Seriously, though, what I love to do most of all this time of year is look through the Tony nominations and find the Jews. There’s generally a batch of them, this being theater and all, and it’s a point of pride when my people are being recognized for their brilliance — and for briefly escaping Equity’s 95 percent unemployment rate.

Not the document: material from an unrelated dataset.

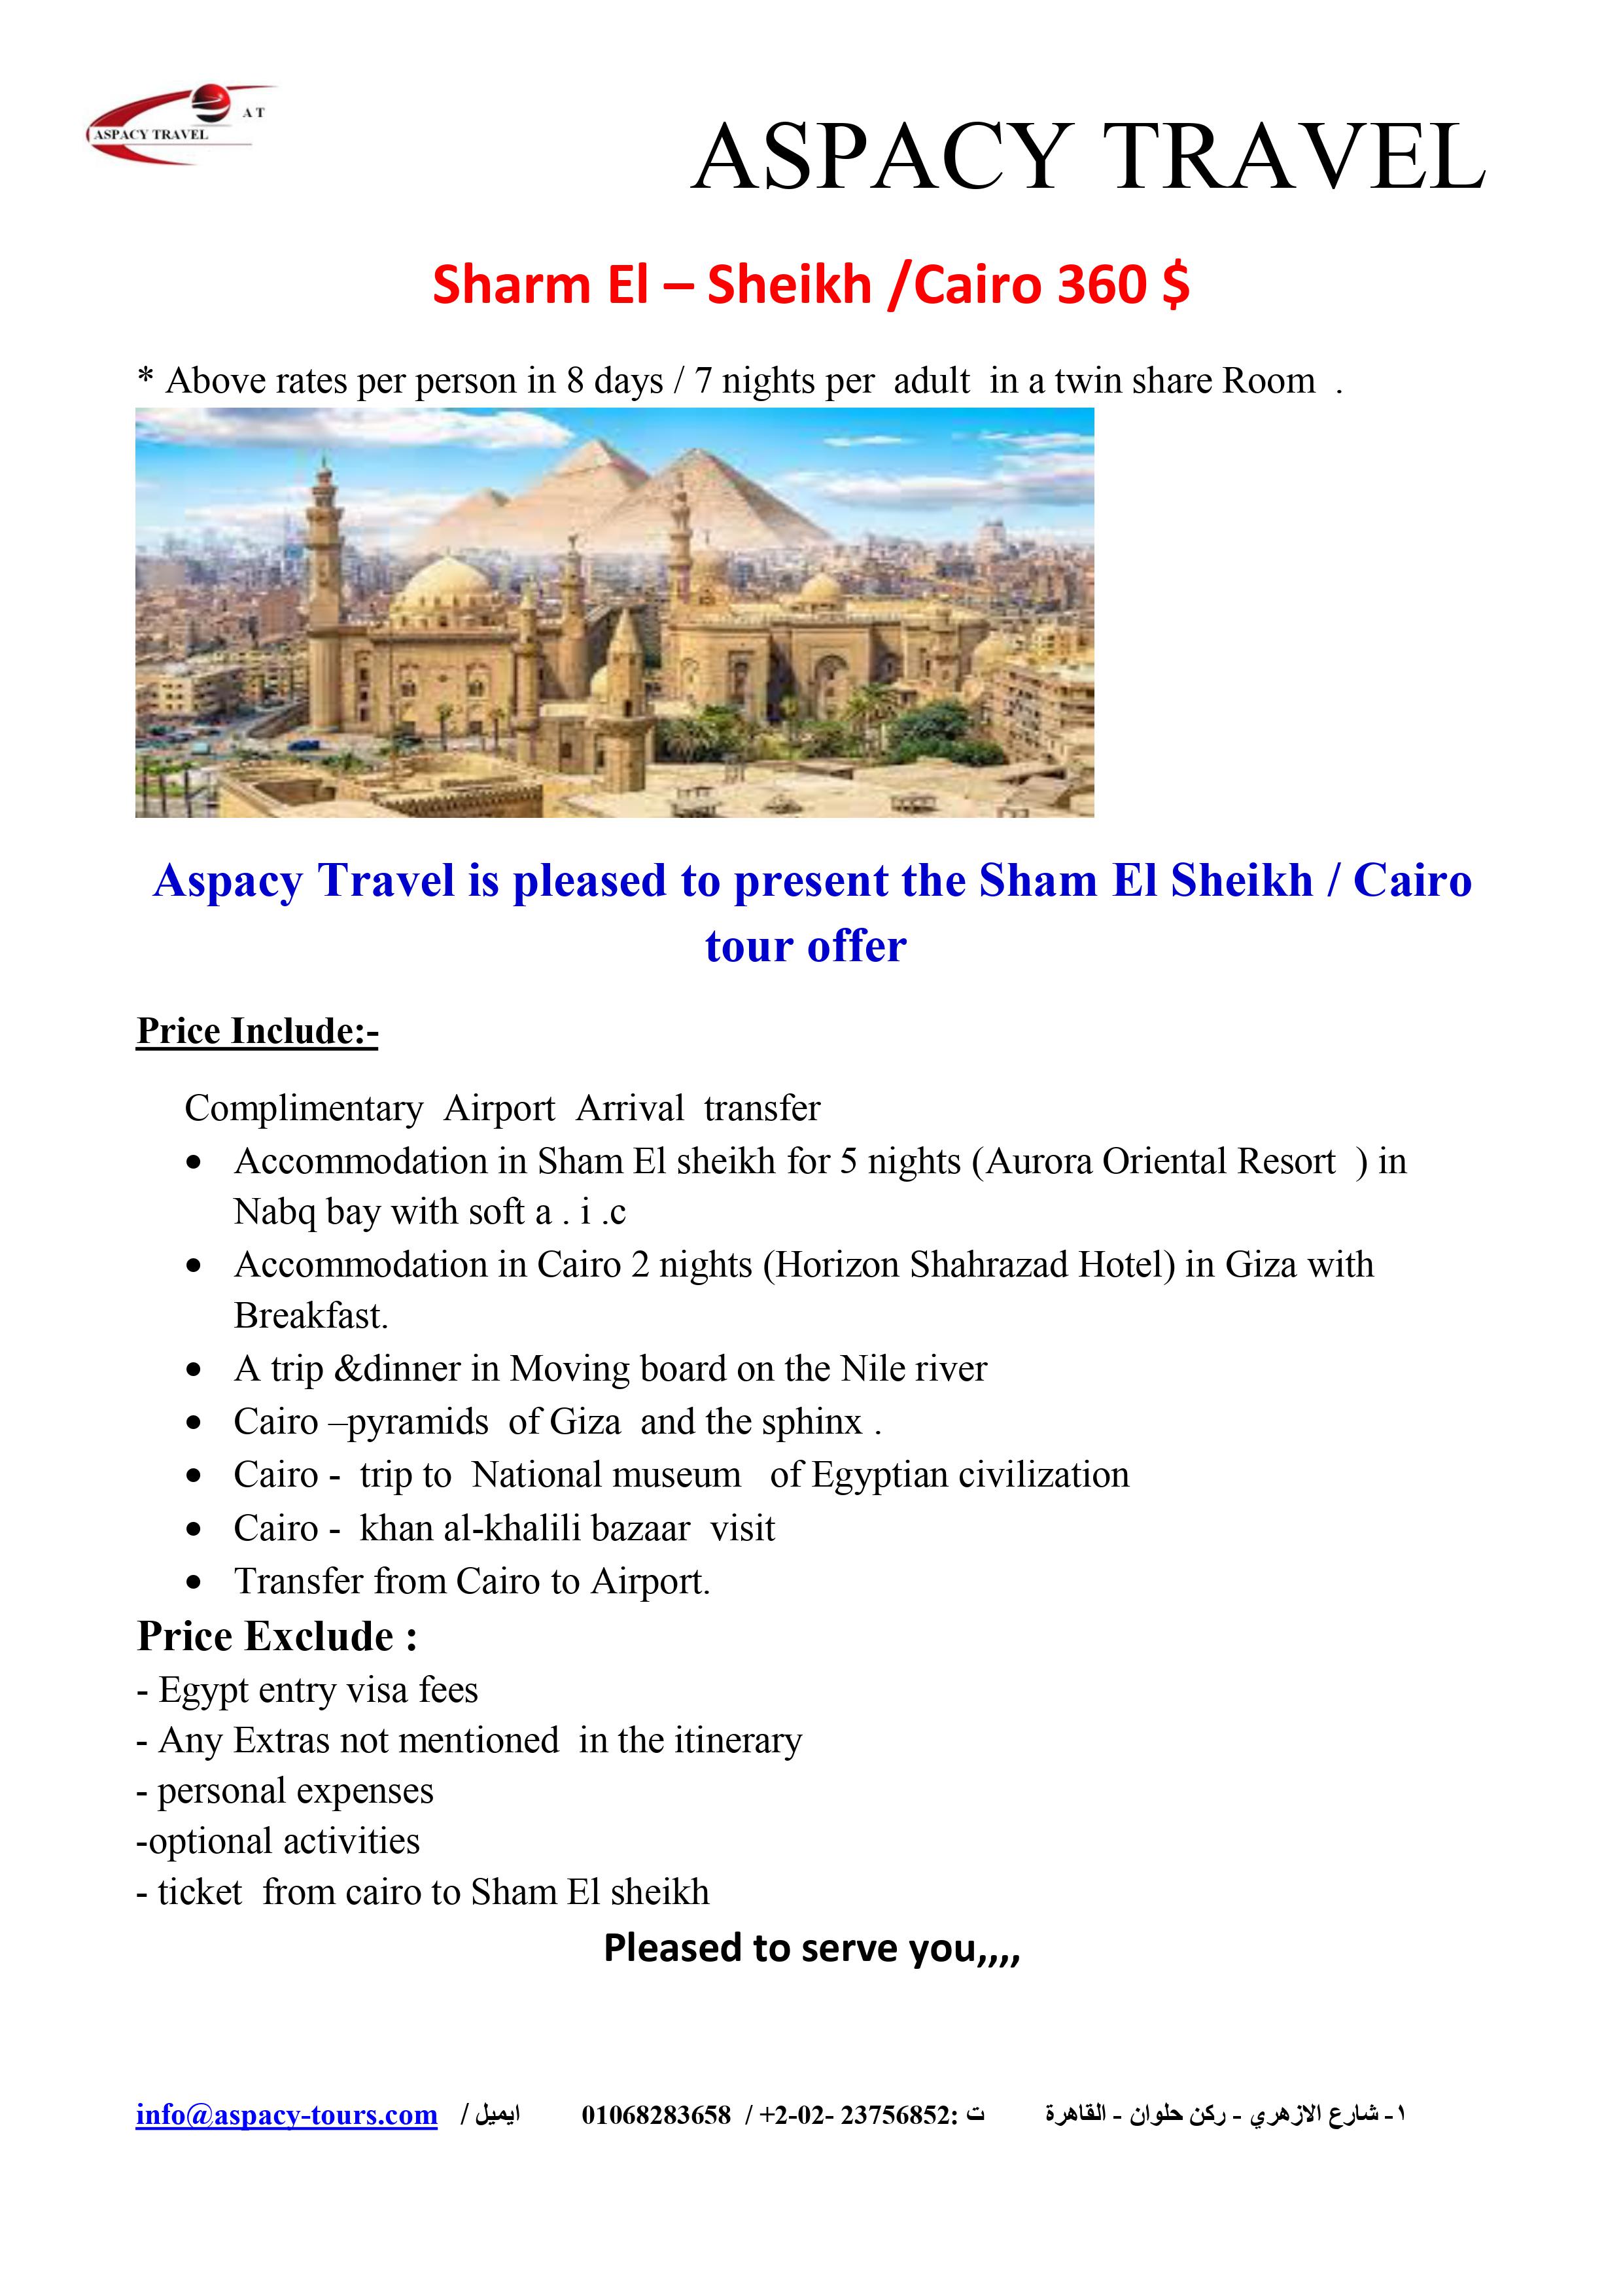 Visit Cairo & sharm el-sheikh

First and foremost, let us exult that Fiddler on the Roof is back, and this time, they have a Jew playing Tevye! He’s Tony-nominated Danny Burstein, who starts off as a modern guy who comes onstage reading the stories of Sholem Aleichem. Then he takes the jacket off and turns into Tevye the milkman. This has confused some matinee audiences. I guess when you get to a certain age, it can be hard to make the mental leap of: no jacket, 1910 Russian village; yes jacket, 2016 Sears men’s department. How these audiences survive Tom Stoppard is beyond me.

By the way, in the lead-actor category, Danny Burstein is up against Zachary Levi for She Loves Me. Now, this truly is confusing because Levi has a Jewish name, but he’s a gentile. Worse, in recent interviews, the Welsh actor said he was turned down for parts in Hollywood movies because he looked too Jewish. Levi said, quote, “I guess they were looking for more of a corn-fed, white boy look. My family is from Indiana, come on!” I feel for you, Danny. It’s like that time I auditioned for the Carolina Chocolate Drops. I nailed it; sang like an angel. But did they call? Did they write? Not a word. And don’t even get me started on how I tried to get into the Celtic Women. Actually, I almost got into one, but she found out I was married.

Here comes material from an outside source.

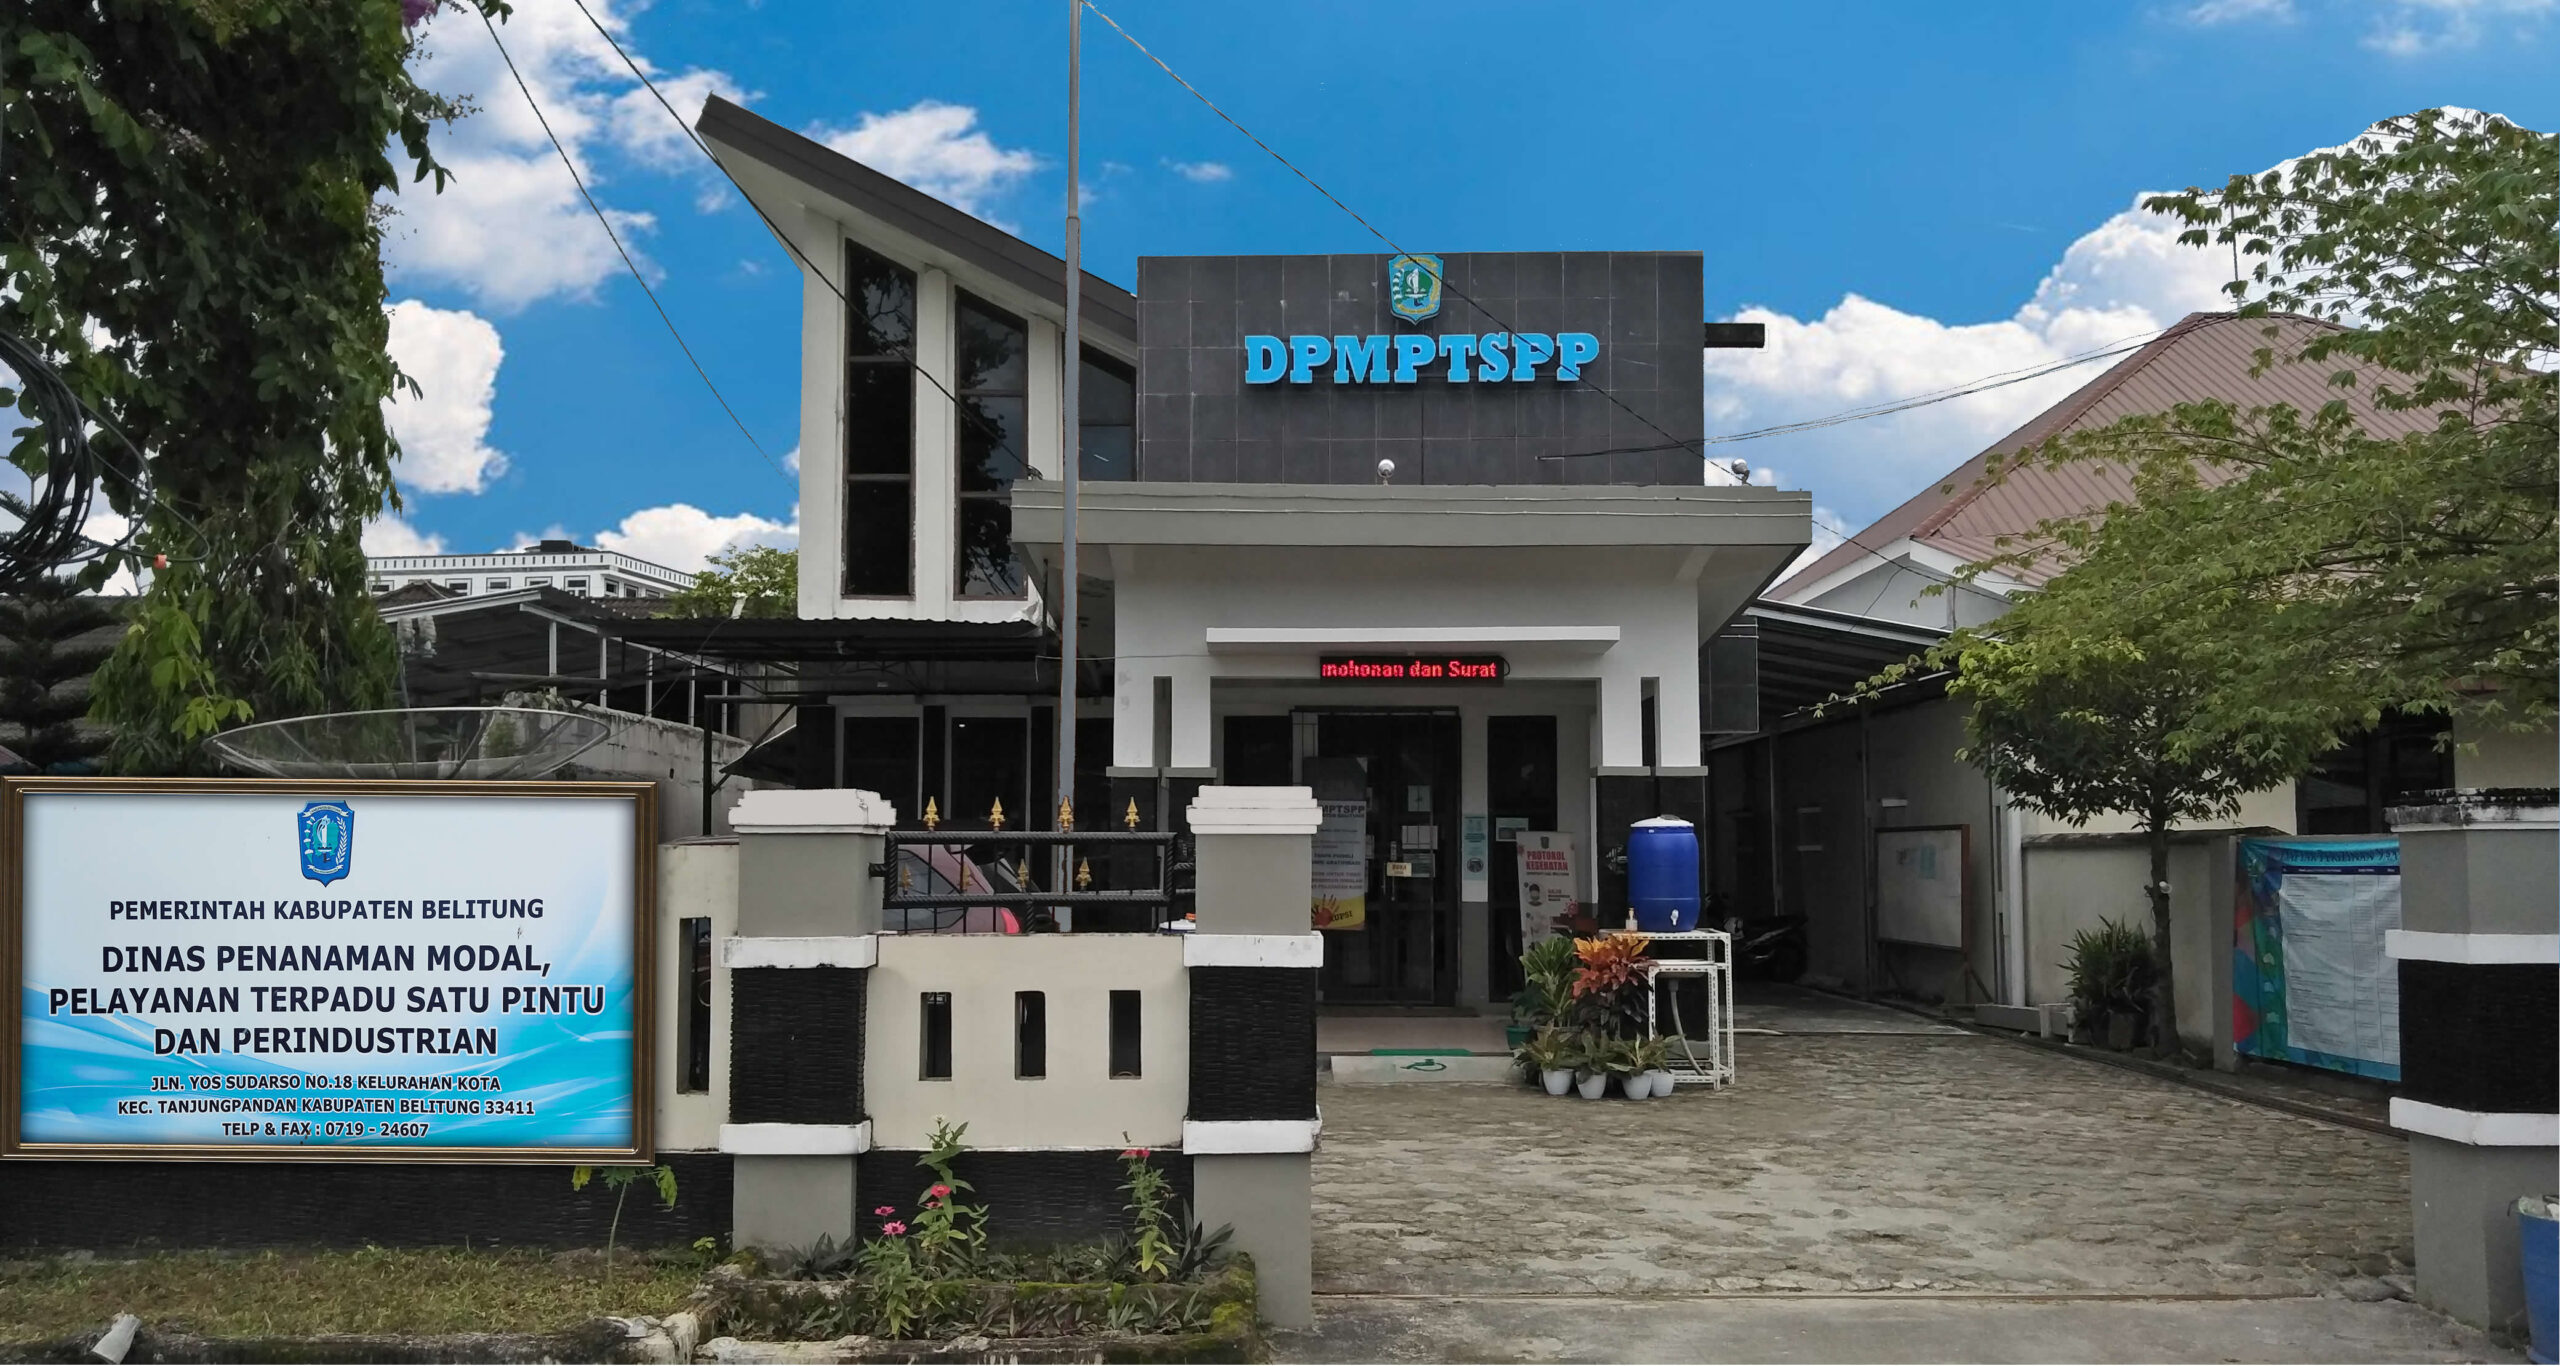 DPMPTSPP Kabupaten Belitung

Anyhoo, moving on to other Tony categories . . . where the hell are my people? Where are the Cohens and the Rothsteins and the Schiowitzes and the Bermans? This year gives us names like Brooks and Nyong’o and Pigott-Smith and the erotic-sounding Sengbloh. Don’t get me wrong; I’m all for diversity. But it’s not so diverse if Jews are virtually absent.

Thank God, thanks to Hamilton, we do have a featured actor in a musical: Daveed Diggs. Yes, he’s a schvartz, but his parents gave him the Hebrew name for David because he’s half schvartz and half-Jewish. So I’d let him marry half my daughter. And speaking of halvsies, hooray for Sophie Okonedo, the celebrated British actress who already won a Tony for A Raisin in the Sun two seasons ago. Yes, she looks black, but there’s cholent under the chitlins! Okonedo’s mom is a Jewish Pilates teacher, and her parents were emigrants from Eastern Europe who spoke Yiddish! As Wikipedia notes, Okonedo’s father took a powder, and her single mom raised her in unavoidable poverty, but, says the actress, “We always had books.” If that isn’t Jewish, I don’t know what is. Well, a synagogue is Jewish; that kind of is. And Hebrew. And mezuzahs, but you know what I’m saying.

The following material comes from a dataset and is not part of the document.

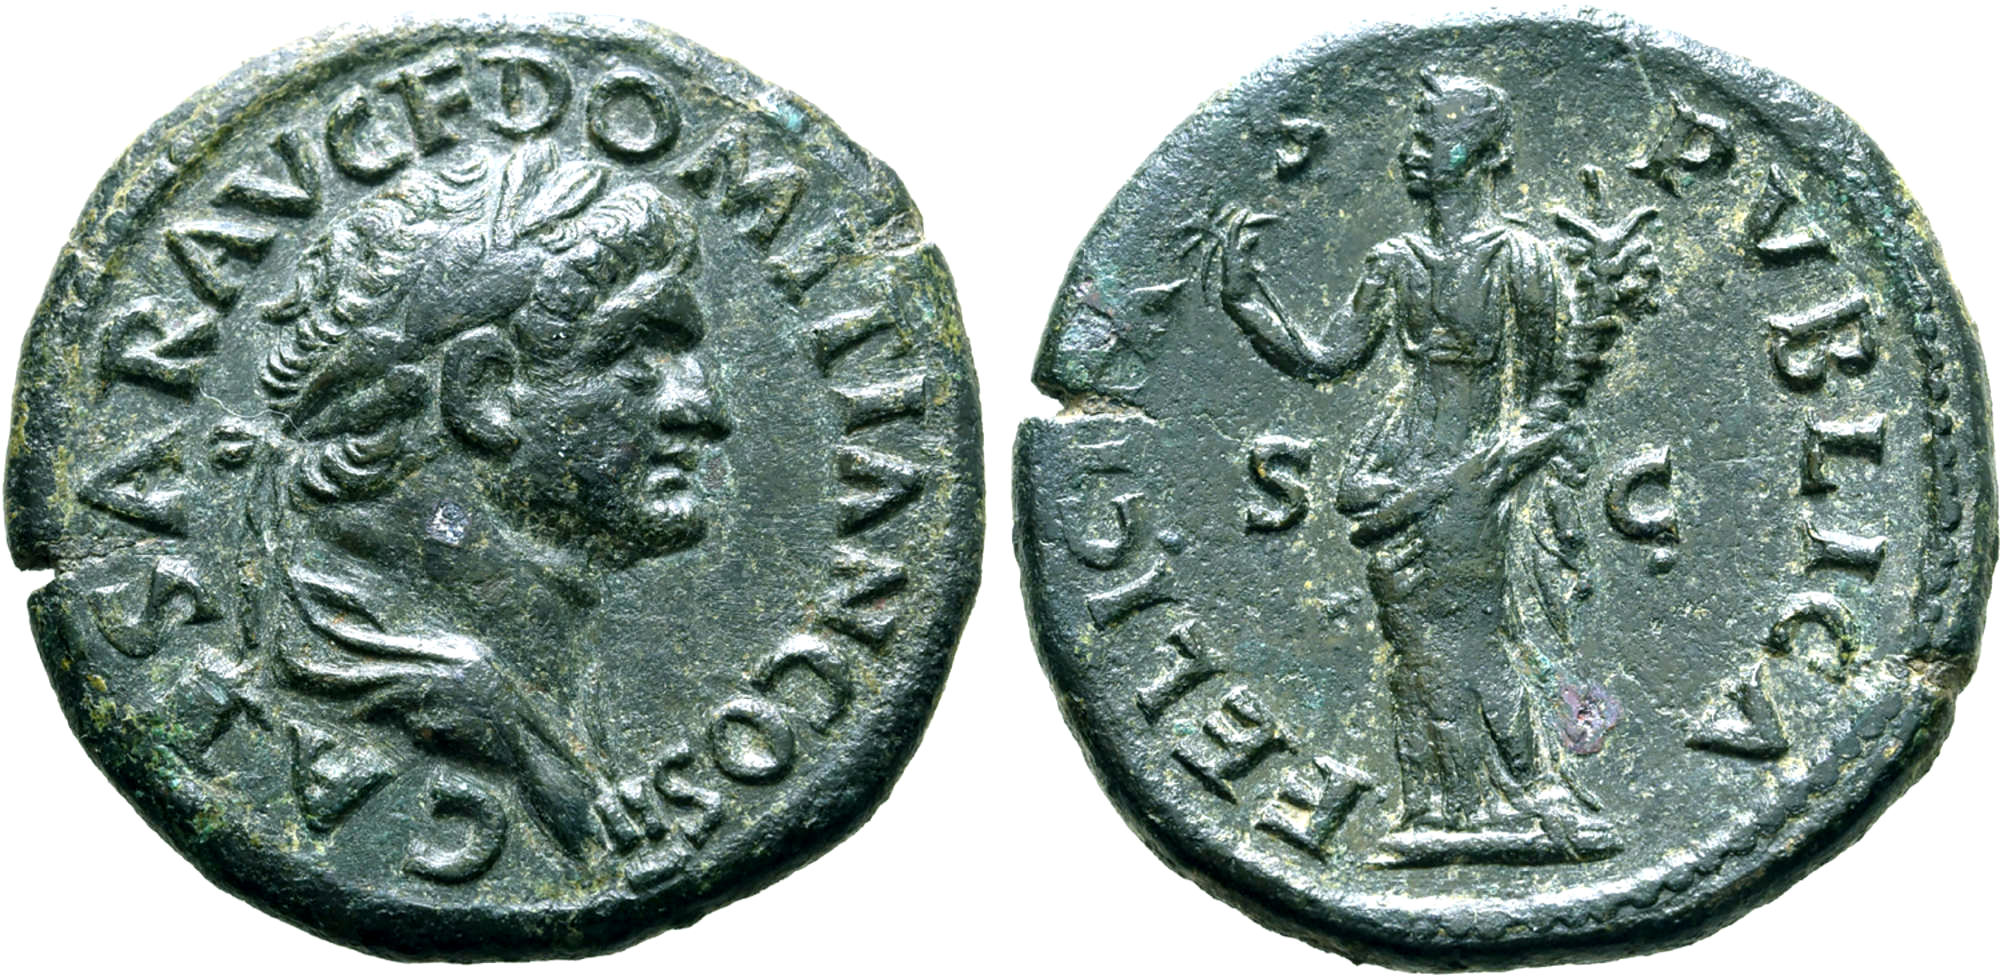 Domitianus 81-96 e.Kr, Dupondius (som Caesar 73-74 e.Kr) - Sällsynt och tilltalande

The wonderful lesson that we take from Daveed Diggs and Sophie Okonedo is that we can integrate, we can intermarry but not lose the spark of Yiddishkeit. We will no longer look the same or sound the same. And we will probably have better hair. But Jewish upbringing, connection, and belief need not go by the wayside, even if our people are far away from Bayside.

And so, on Tony night, when Lin-Manuel Miranda is giving his 32nd speech about inclusion, please remember that we are not as excluded as it might first appear. Just look at the best-musical nominees: Hamilton, School of Rock, Shuffle Along, Waitress, and Bright Star. Hamilton deals with money, which Jews are always worried about; School of Rock concerns education, which is sacred to us; Shuffle Along is what every Jew over 70 does, and Waitress is what we all holler in a restaurant. As for Steve Martin and Edie Brickell’s Bright Star, who’s to say it isn’t six-pointed?

This has been a Rabbinical Reflection from Rabbi Sol Solomon, Temple Sons of Bitches, in Great Neck, New York. On with the Tony show!